▶ _Problem details_: Print the whole listing below exactly, skipping every picture.

▶ _Information provided_:

---------------

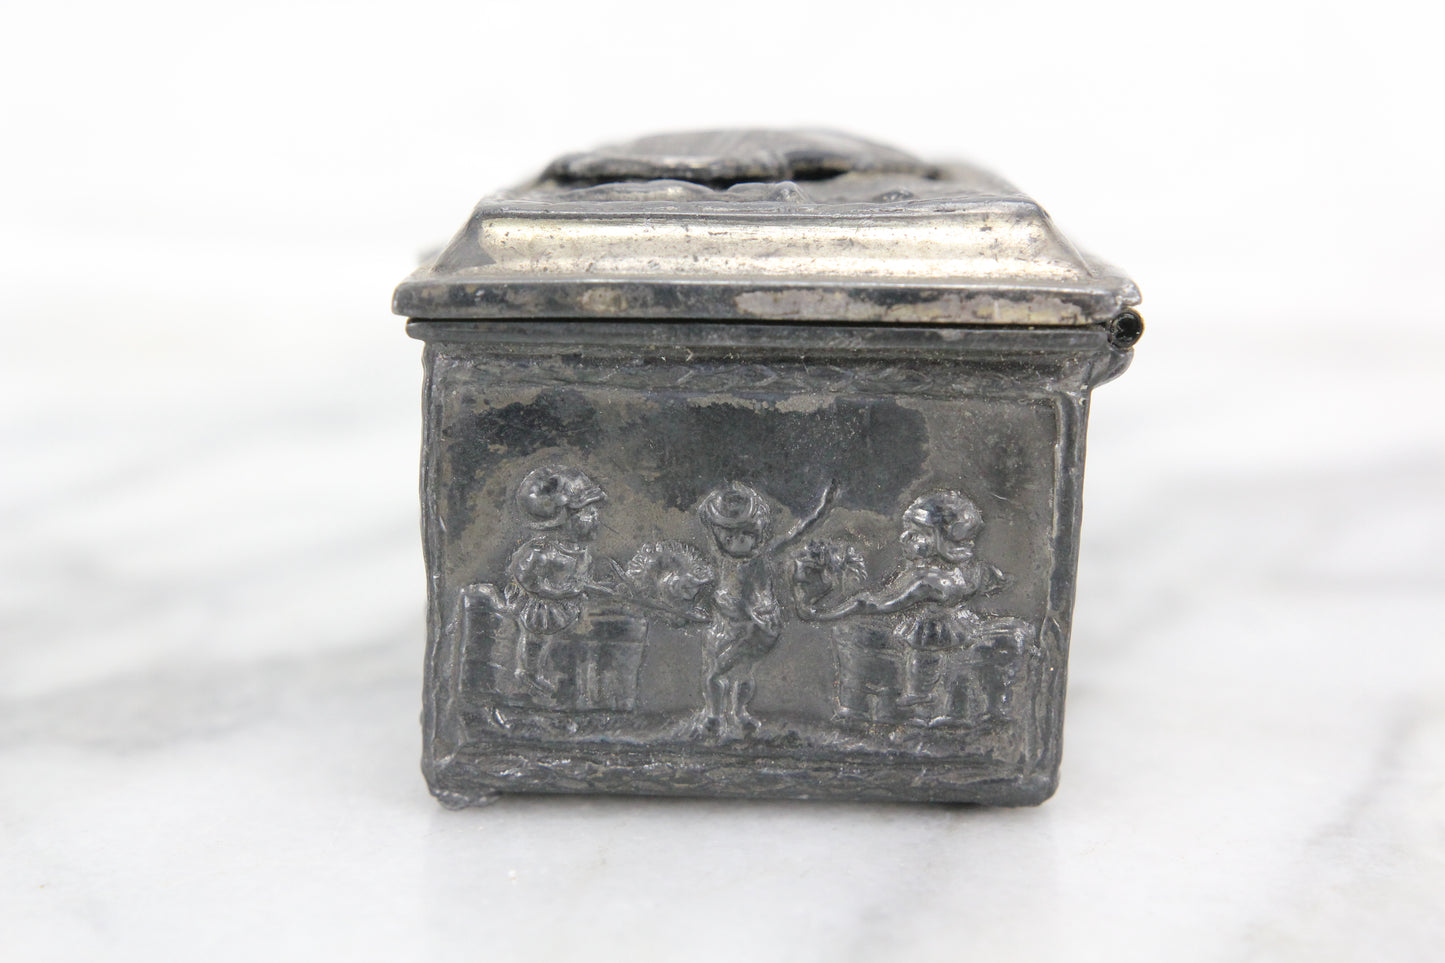 Metal Keepsake Ring Box with Washington's Mansion, Mount Vernon
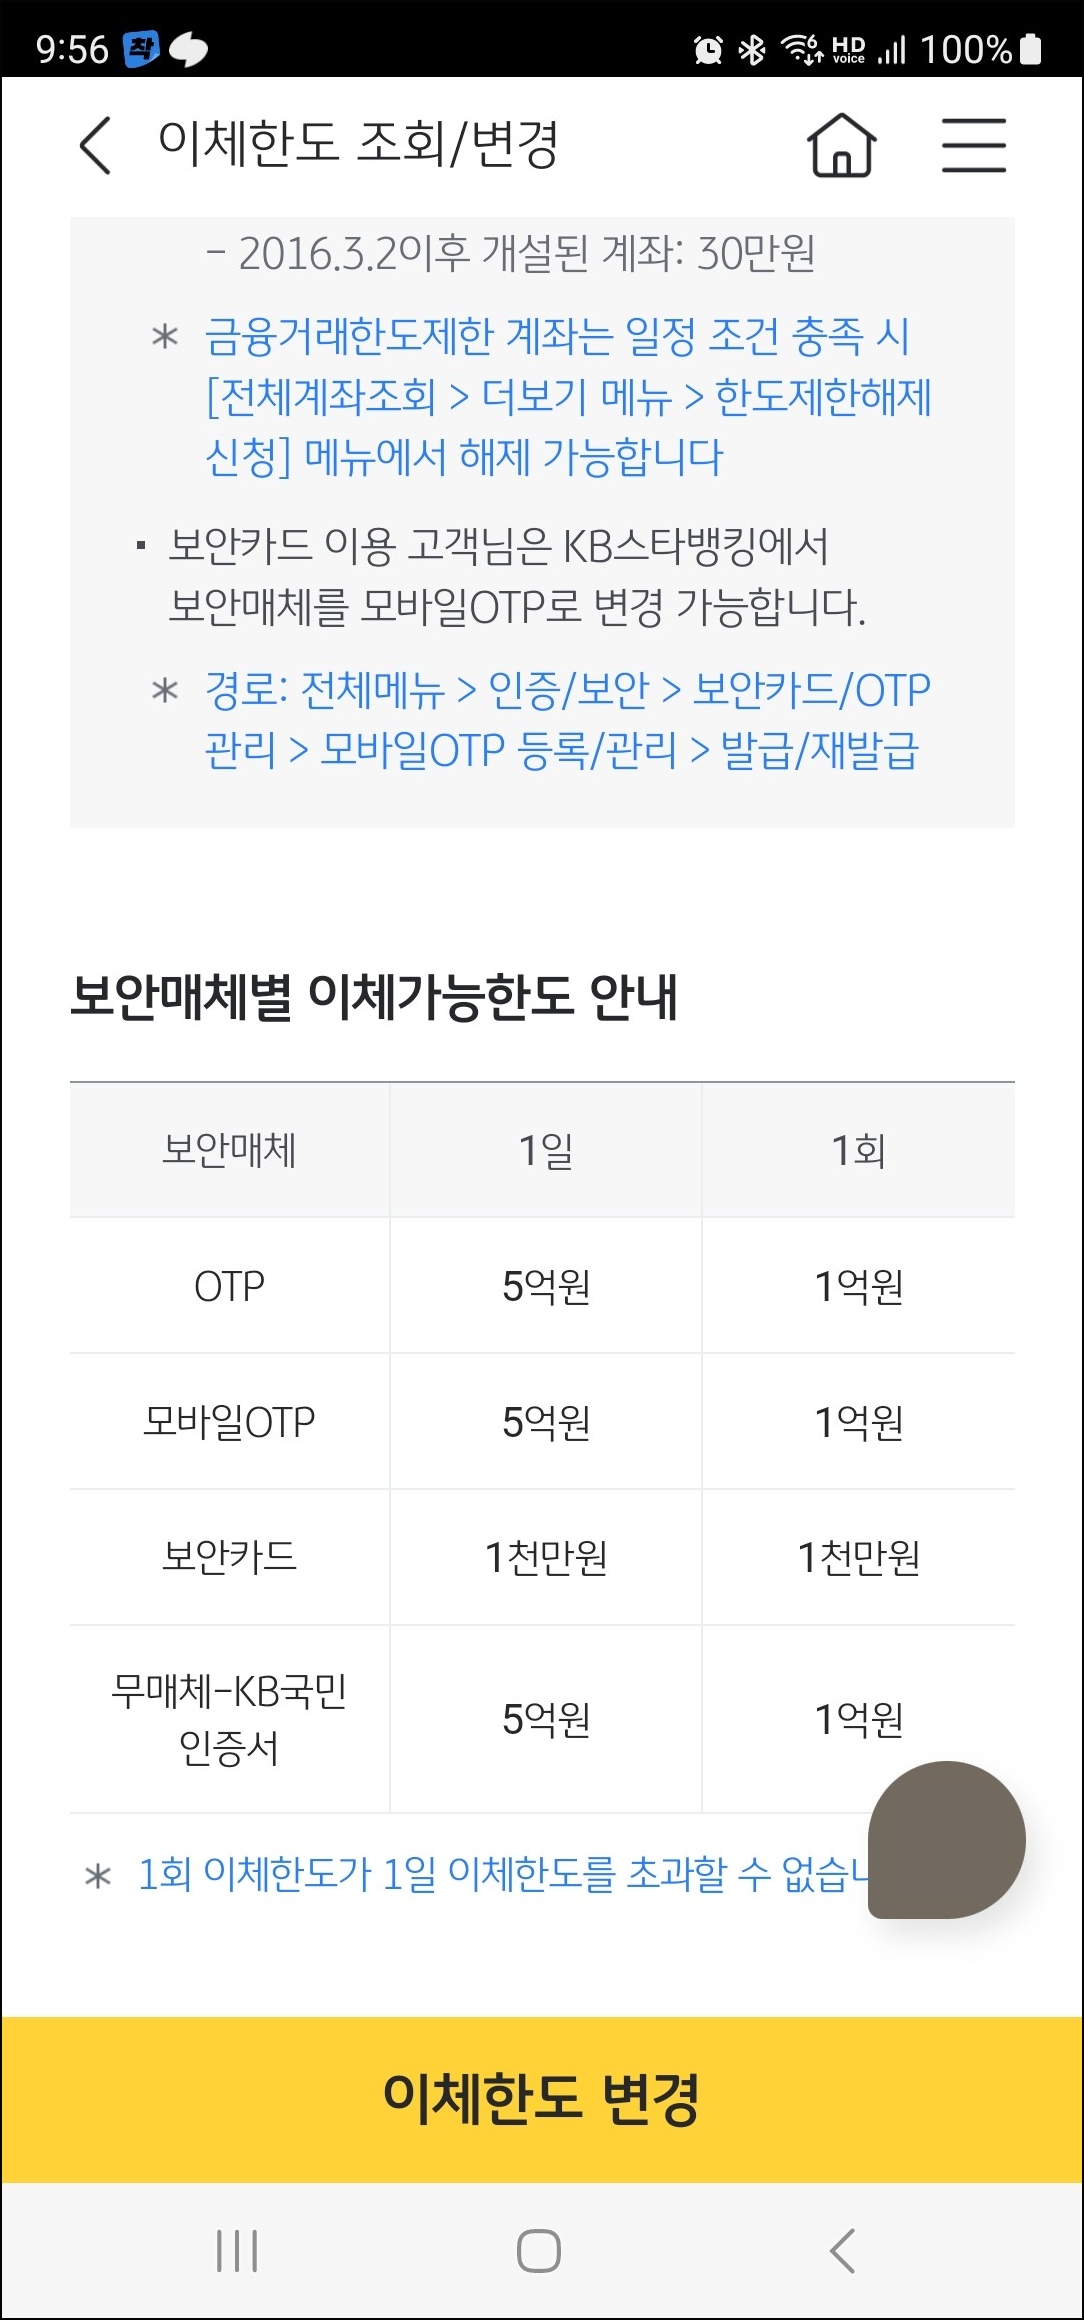 국민은행 KB스타뱅킹 1일 1회 이체한도 조회 변경 신청
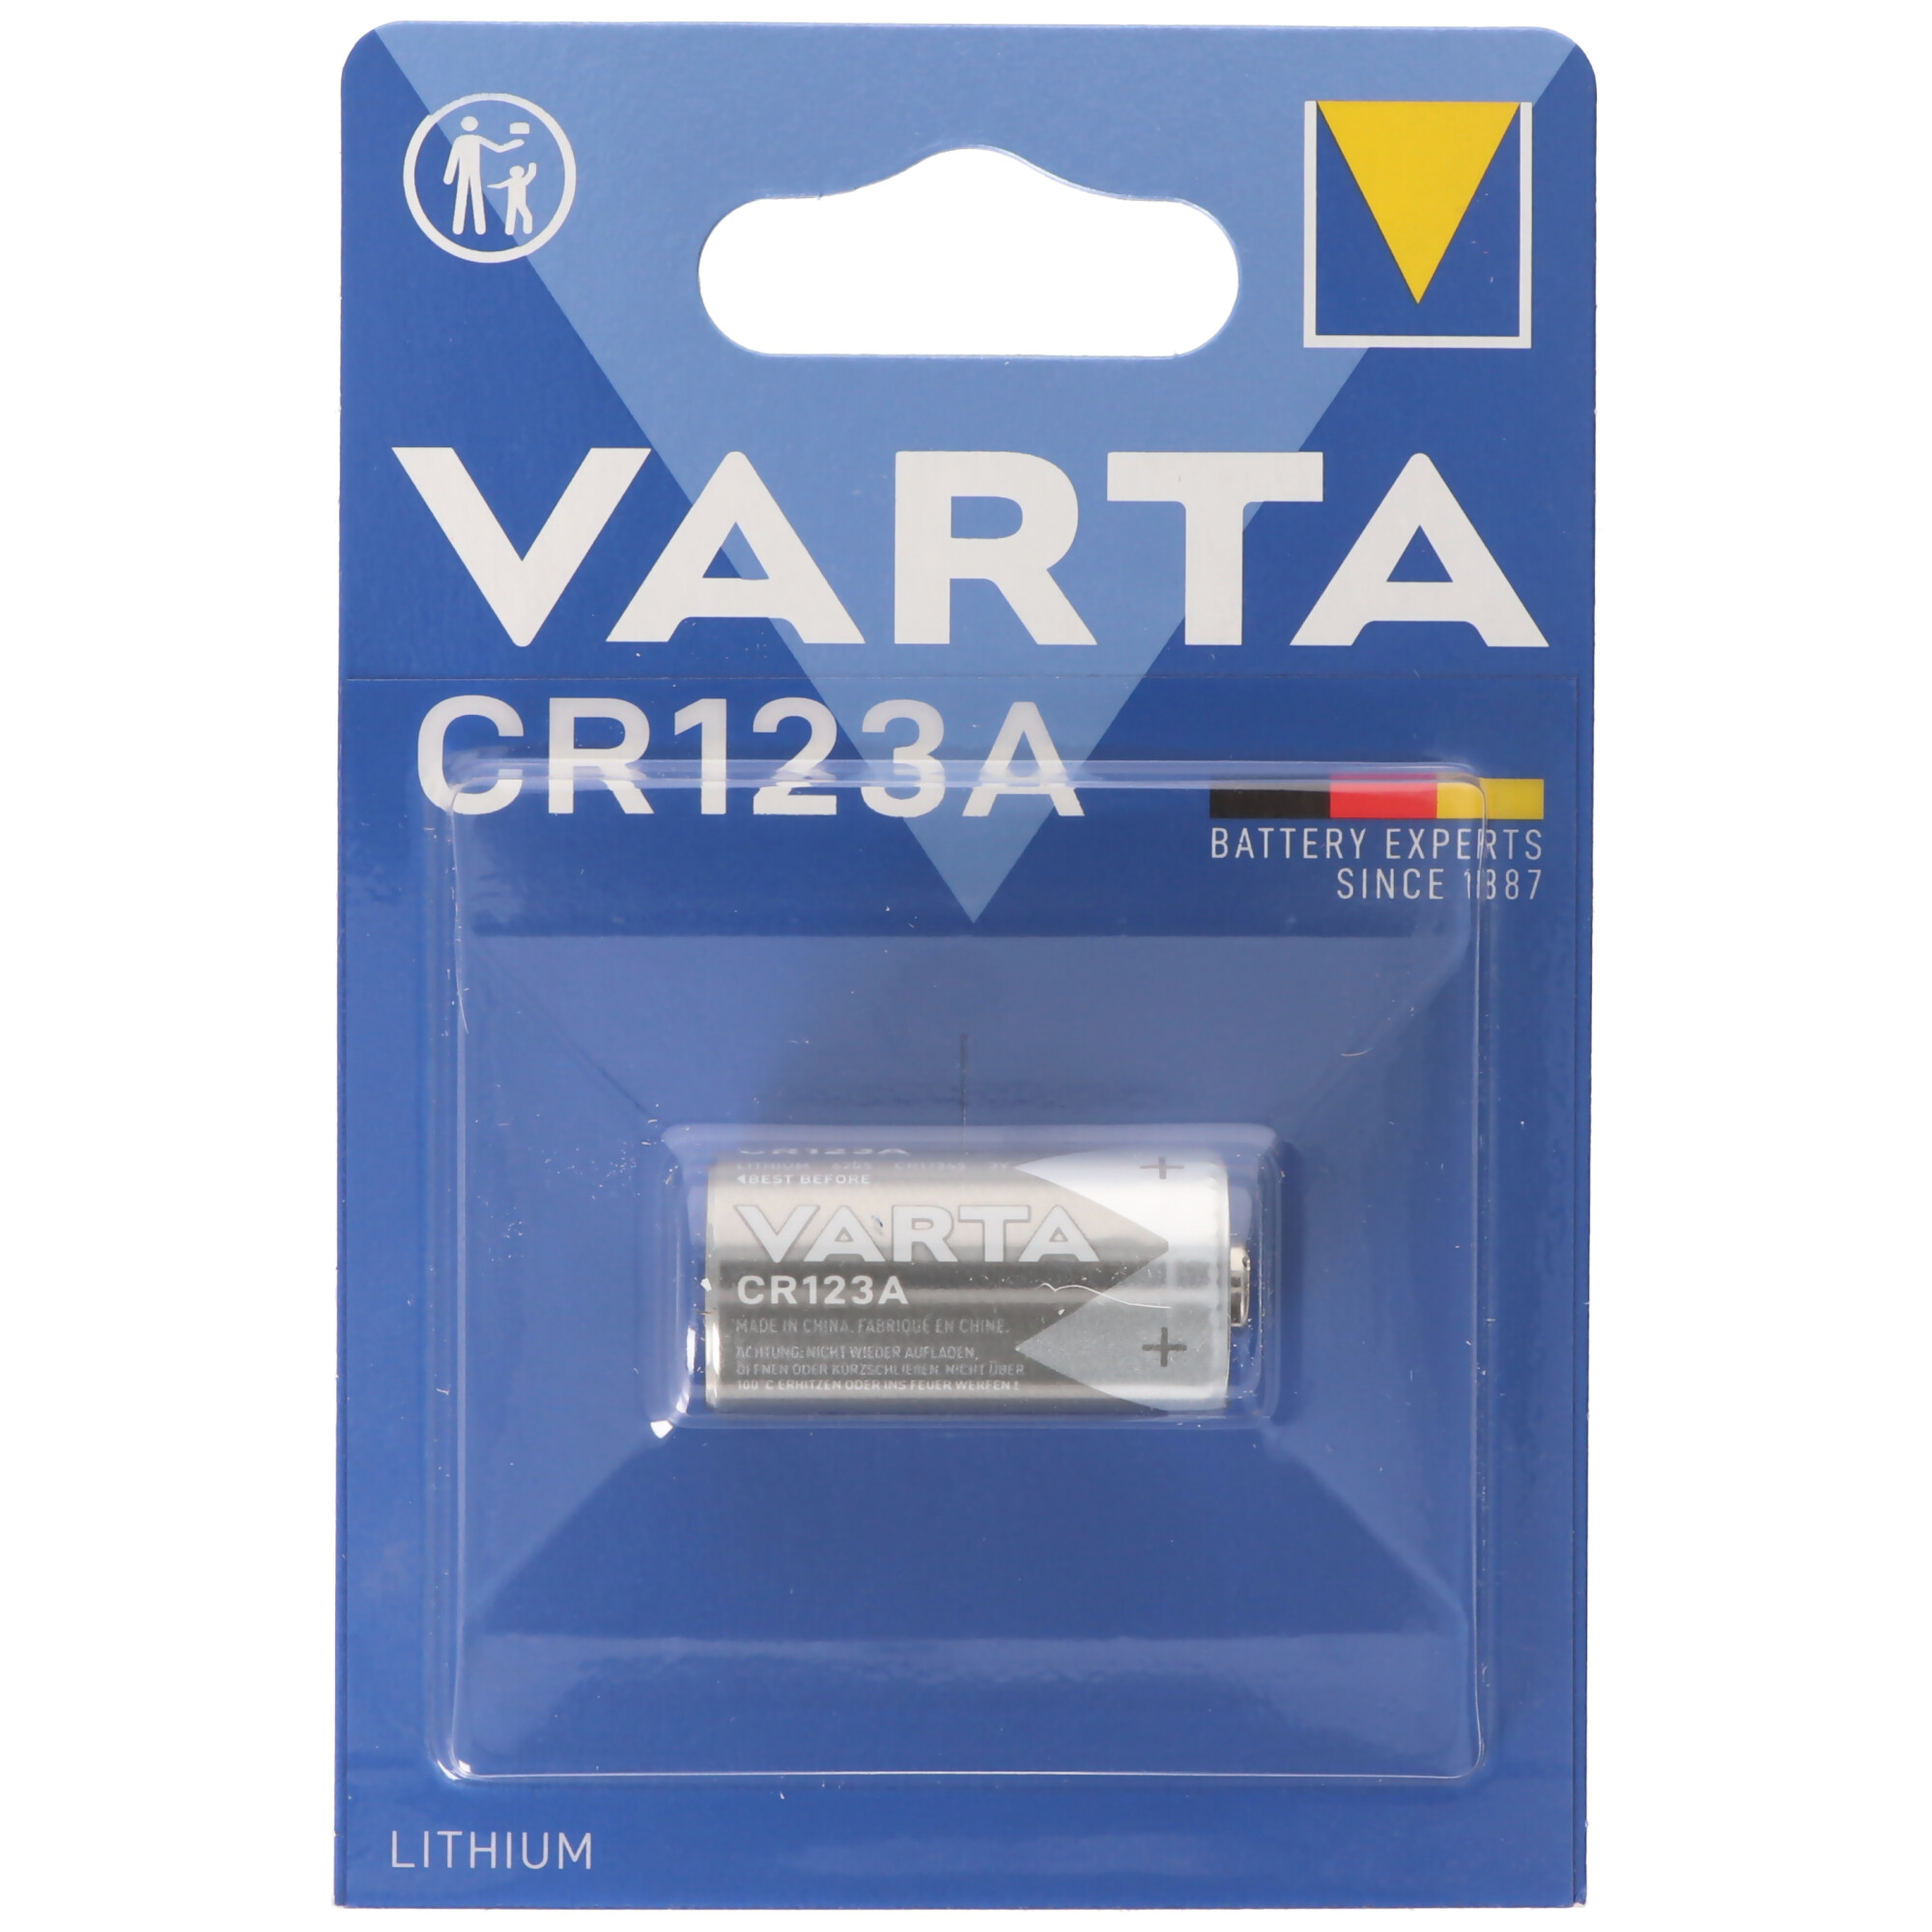 CR123A Varta Batterie Photo Lithium 6205 CR123A IEC CR17345

---------------

▶ _Response for this exercise_:
 Metal Keepsake Ring Box with Washington's Mansion, Mount Vernon
 국민은행 KB스타뱅킹 1일 1회 이체한도 조회 변경 신청
 CR123A Varta Batterie Photo Lithium 6205 CR123A IEC CR17345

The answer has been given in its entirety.